Penicillium svalbardense, a new species from Arctic glacial ice.

During investigations of mycobiota in the coastal Arctic polythermal glaciers, different species of the ubiquitous genus Penicillium were isolated from the extreme subglacial environment. A group of Penicillium strains was obtained that did not belong to any known Penicillium species. This species was isolated in high numbers from the Kongsvegen subglacial ice and was not detected in the surrounding environment. A detailed analysis of secondary metabolite profiles, physiological and morphological characteristics, and partial beta-tubulin gene sequences showed that the proposed new species Penicillium svalbardense is closely related but not identical to Penicillium piscarium and Penicillium simplicissimum. It differs in the production of secondary metabolites and in the morphological features of conidia and penicilli, and it is therefore described as a new species.

Penicillium mycobiota in arctic subglacial ice.

Fungi have been only rarely isolated from glacial ice in extremely cold polar regions and were in these cases considered as random, long-term preserved Aeolian deposits. Fungal presence has so far not been investigated in polar subglacial ice, a recently discovered extreme habitat reported to be inhabited exclusively by heterotrophic bacteria. In this study we report on the very high occurrence (up to 9000 CFU L(-1)) and diversity of filamentous Penicillium spp. in the sediment-rich subglacial ice of three different polythermal Arctic glaciers (Svalbard, Norway). The dominant species was P. crustosum, representing on the average half of all isolated strains from all three glaciers. The other most frequently isolated species were P. bialowiezense, P. chrysogenum, P. thomii, P. solitum, P. palitans, P. echinulatum, P. polonicum, P. commune, P. discolor, P. expansum, and new Penicillium species (sp. 1). Twelve more Penicillium species were occasionally isolated. The fungi isolated produced consistent profiles of secondary metabolites, not different from the same Penicillium species from other habitats. This is the first report on the presence of large populations of Penicillium spp. in subglacial sediment-rich ice.

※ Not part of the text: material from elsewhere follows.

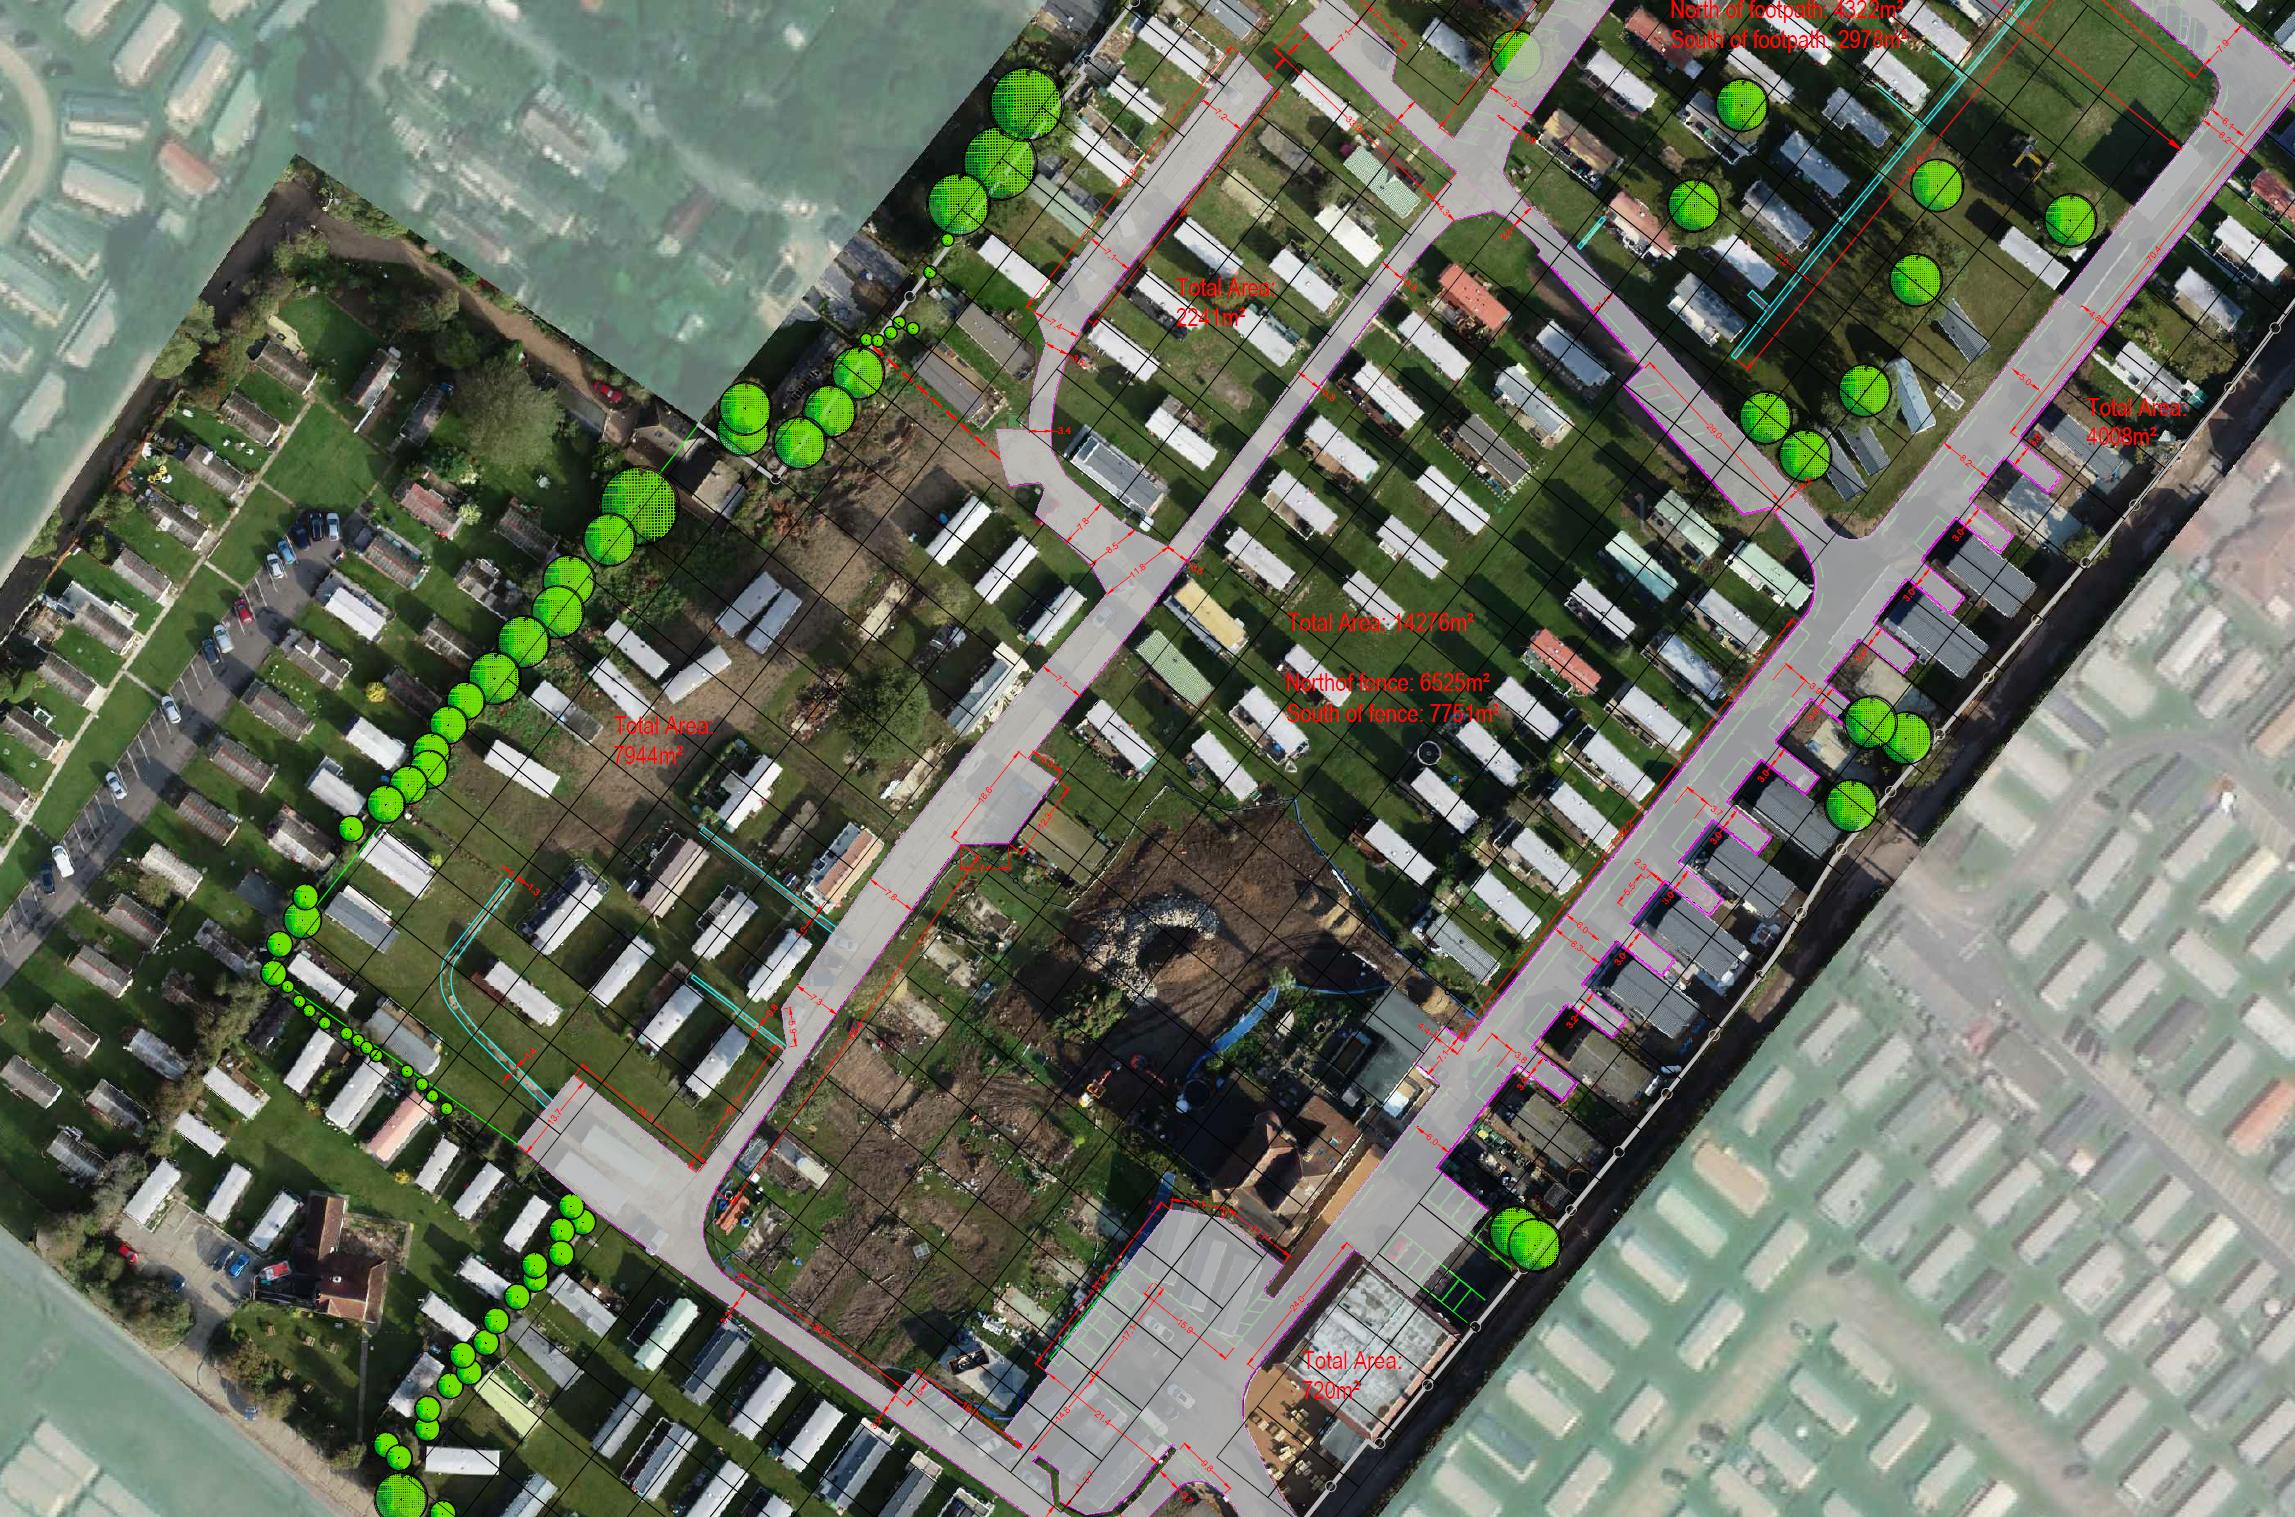 Caravan Park Drone Survey
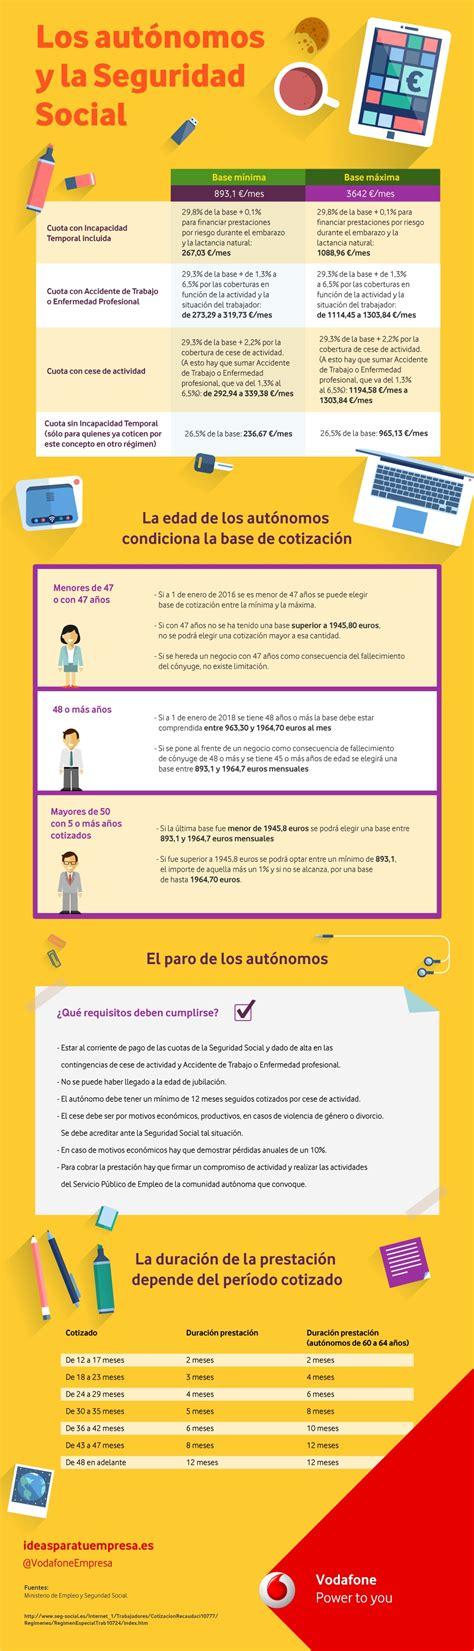 cuota seguridad social 2016 derechos y obligaciones en la cuota de aut 243 nomos acciono

Comparison of secondary metabolite production by Penicillium crustosum strains, isolated from Arctic and other various ecological niches.

Penicillium crustosum is common in food and feed both in subtropical and temperate regions. Recently, it has also been found occurring frequently in glacier ice, sea ice and sea water of Arctic regions of Svalbard. The aim of the study was to compare isolates of the same fungal species from widely different habitats and geographic regions to see if the nutritional physiology and the profile of secondary metabolites were consistent or depended on the isolation source. All 121 strains examined produced the following families of secondary metabolites: penitrems (100%), roquefortines (100%), terrestric acids (99.2%) and viridicatols (100%), whereas 81 of 83 Arctic isolates additionally produced andrastin A. However, only 8 of 38 non-Arctic isolates produced detectable andrastin A. The quantitative profiles of 96 strains were compared using cluster, principal component and correspondence analyses. There was no clear grouping of Arctic versus non-Arctic, creatine positive versus creatine negative strains.